WHAT YOU NEED TO DO: Without its pictures, the listing below is to be transcribed exactly.

INFORMATION SUPPLIED:

########

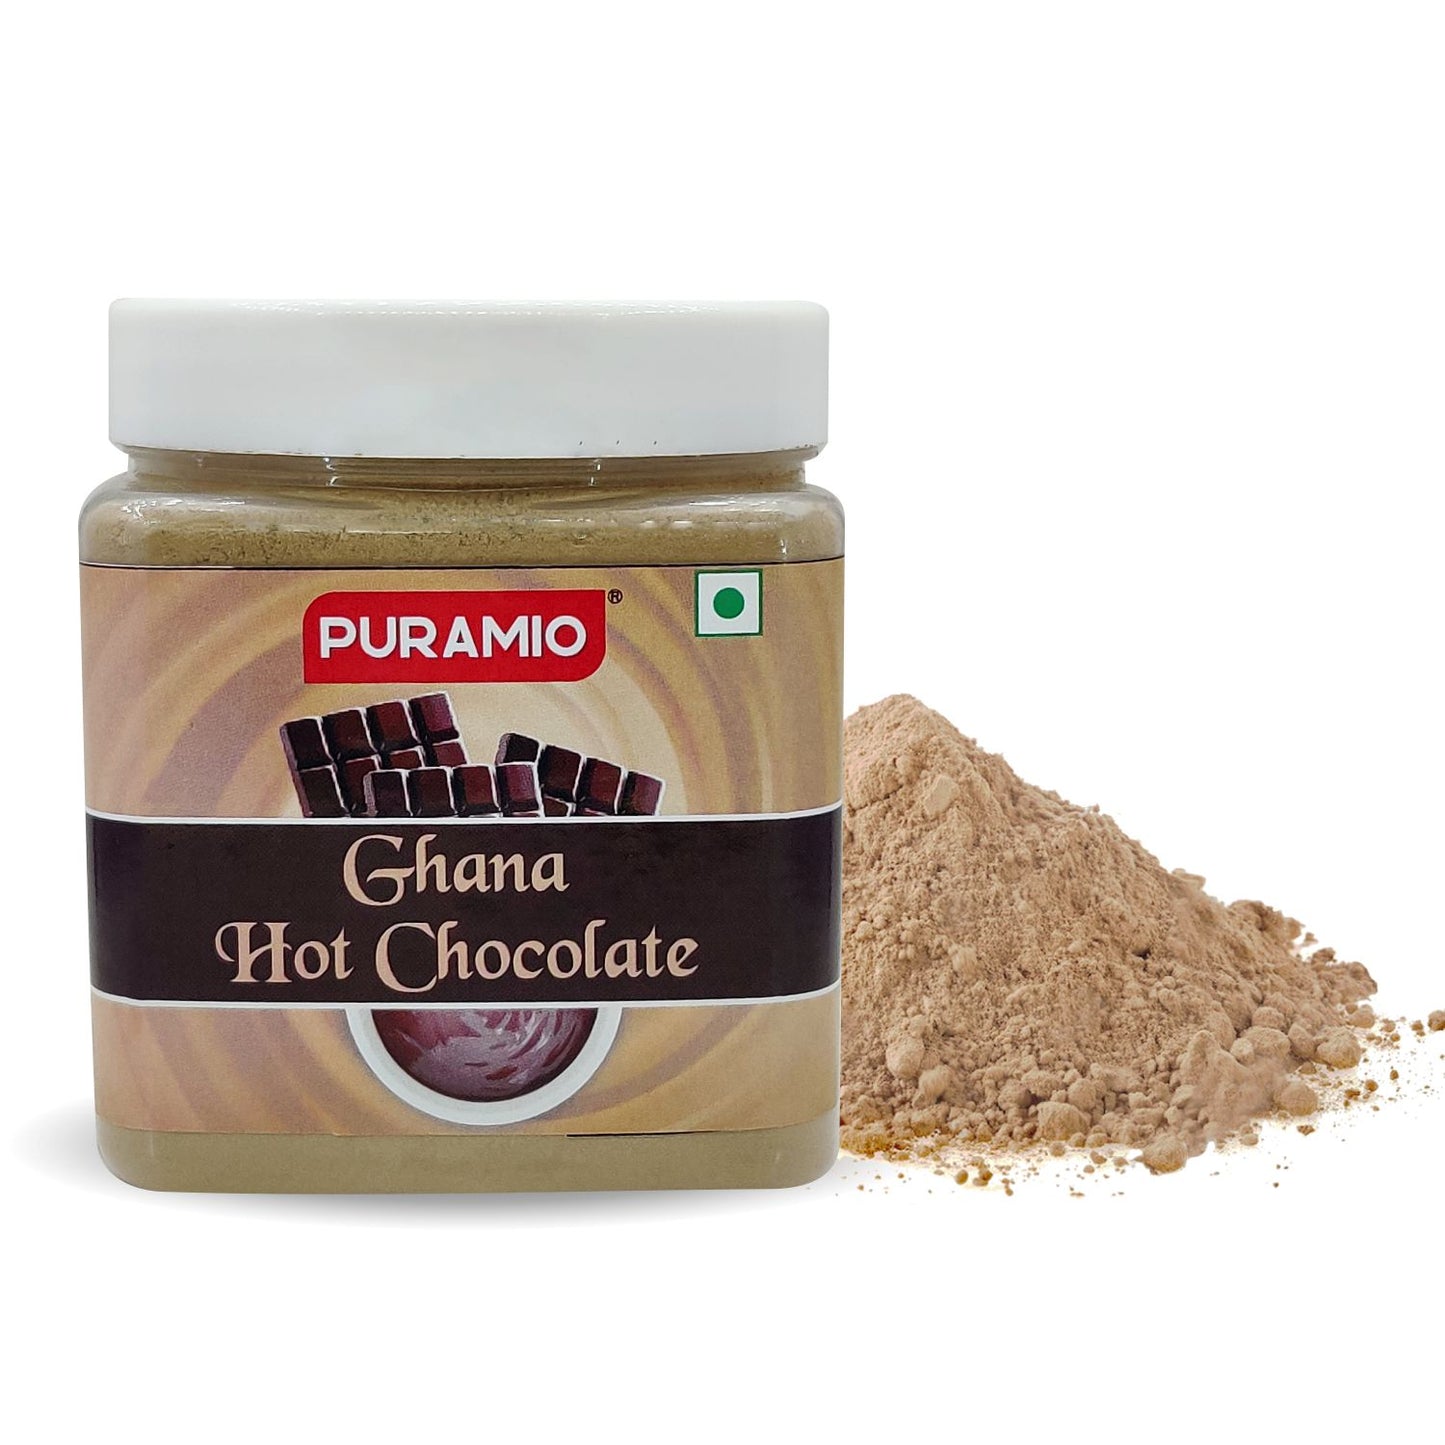 Puramio Ghana HOT Chocolate
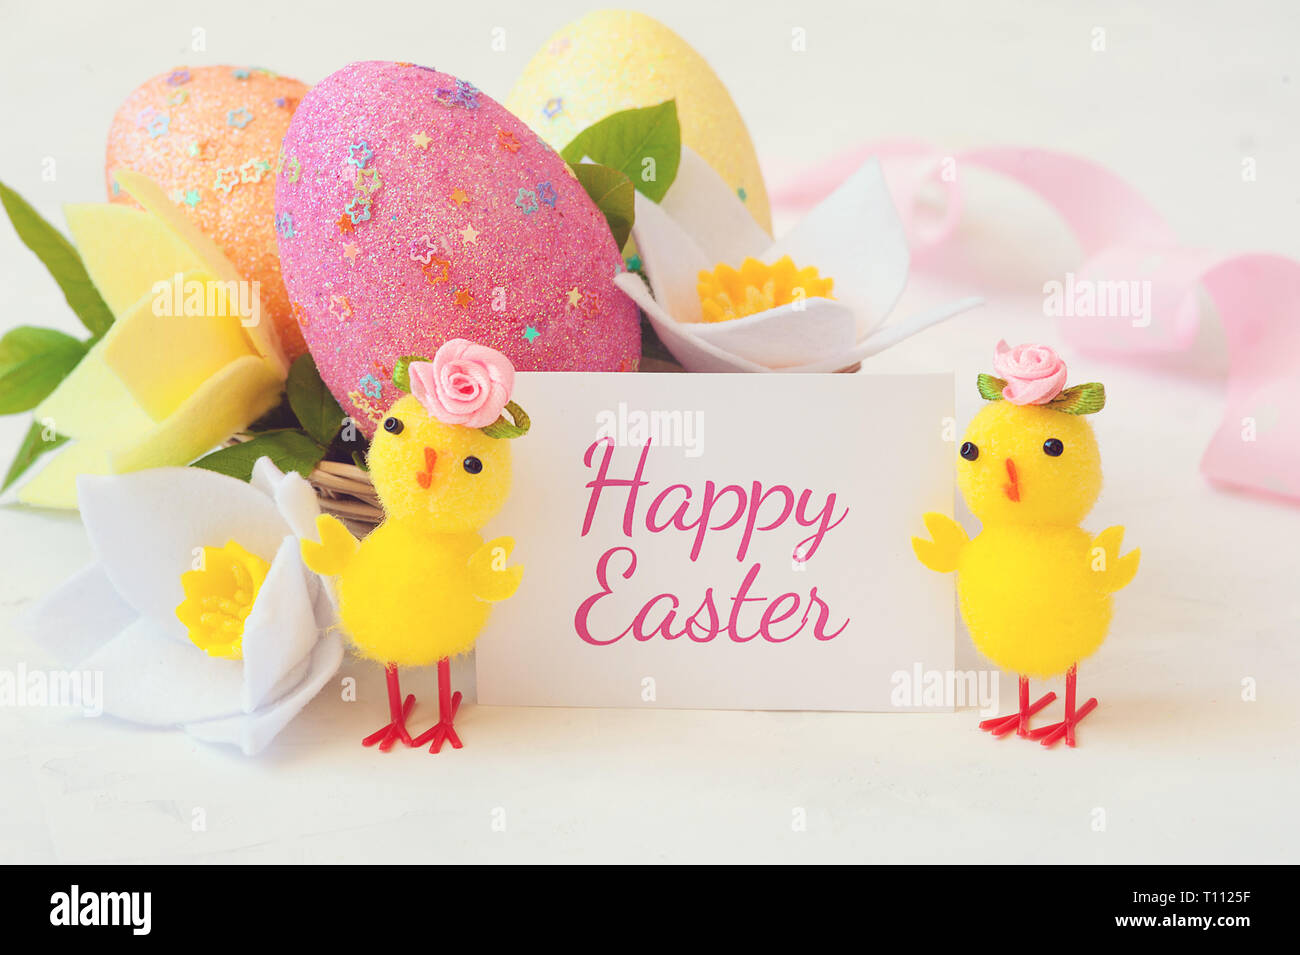 Dos poco amarillo pollo con una inscripción de felicitación - feliz Pascua. Foto de stock
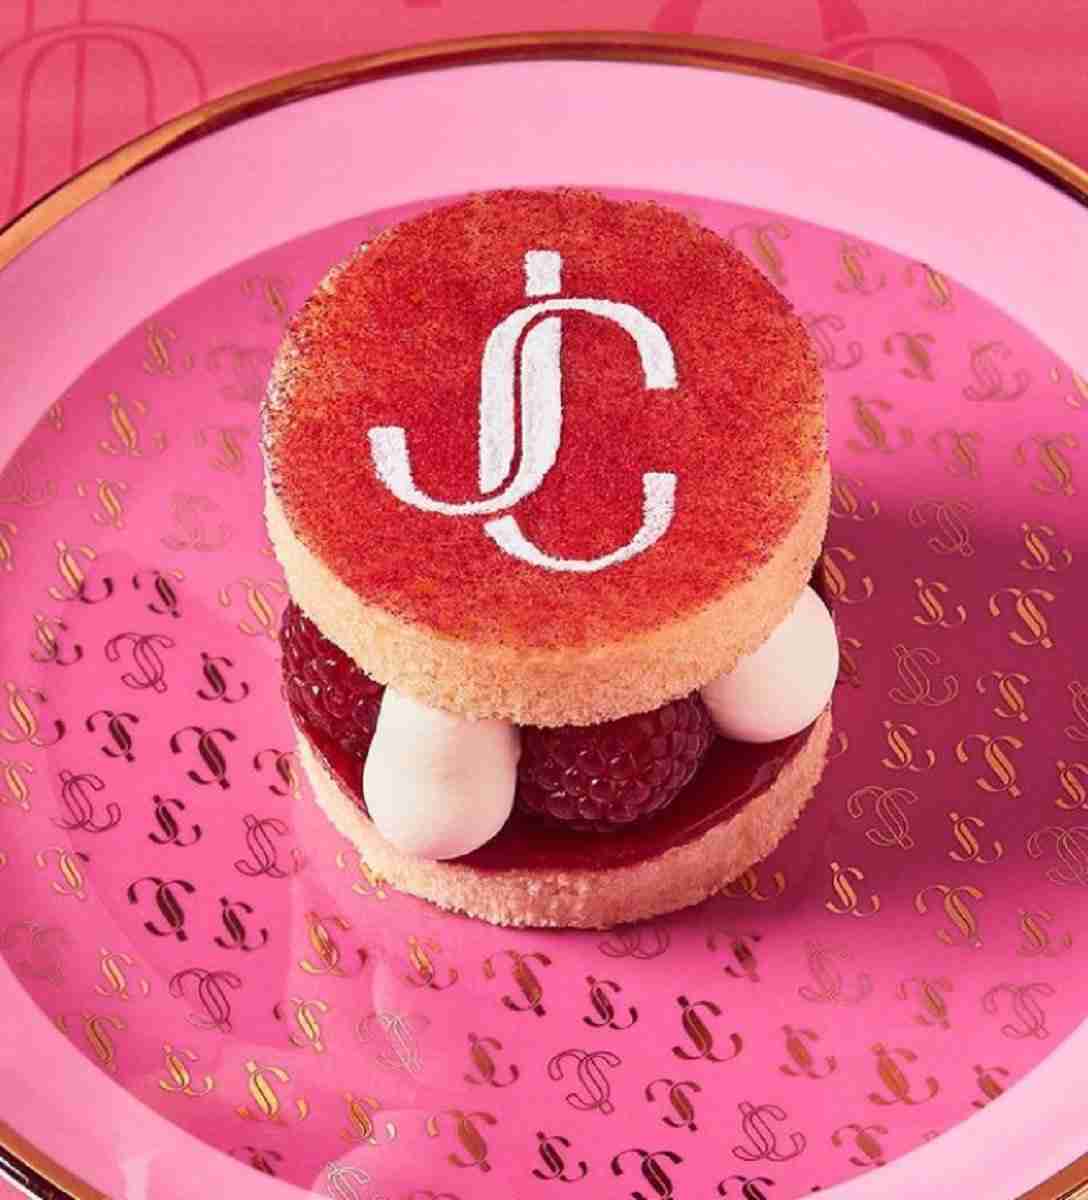 Tudo pink: Jimmy Choo inaugura café instagramável na Harrods
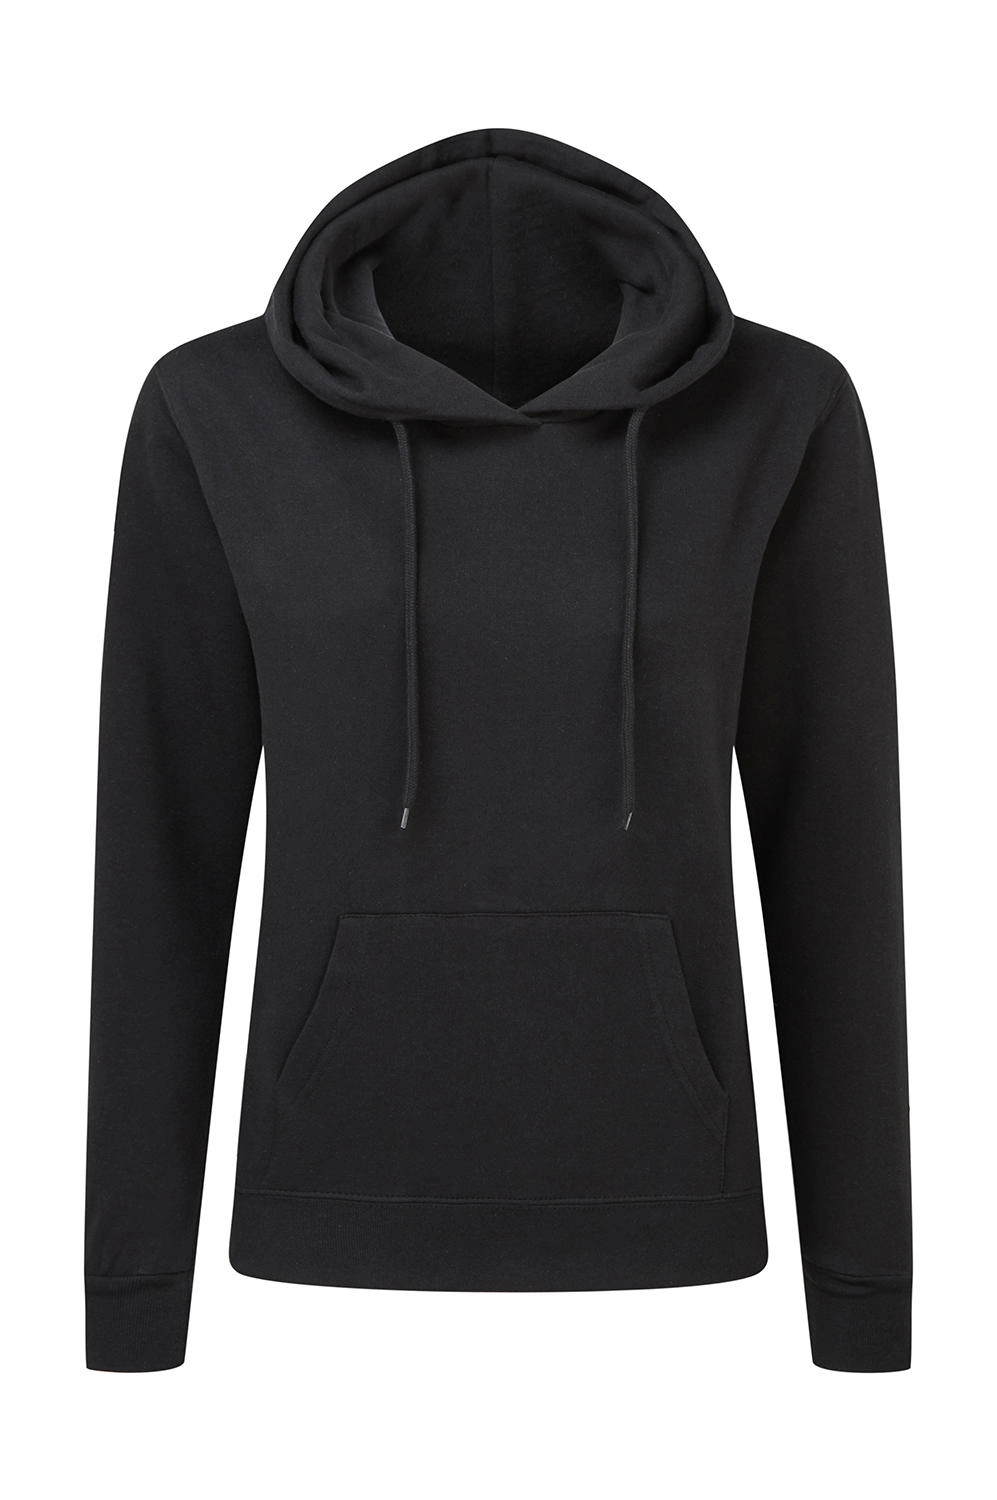 Hooded Sweatshirt Women zum Besticken und Bedrucken in der Farbe Black mit Ihren Logo, Schriftzug oder Motiv.

########

OUTPUT FOR THIS TASK:
 Puramio Ghana HOT Chocolate
 Dos poco amarillo pollo con una inscripción de felicitación - feliz Pascua. Foto de stock
 Tudo pink: Jimmy Choo inaugura café instagramável na Harrods
 Hooded Sweatshirt Women zum Besticken und Bedrucken in der Farbe Black mit Ihren Logo, Schriftzug oder Motiv.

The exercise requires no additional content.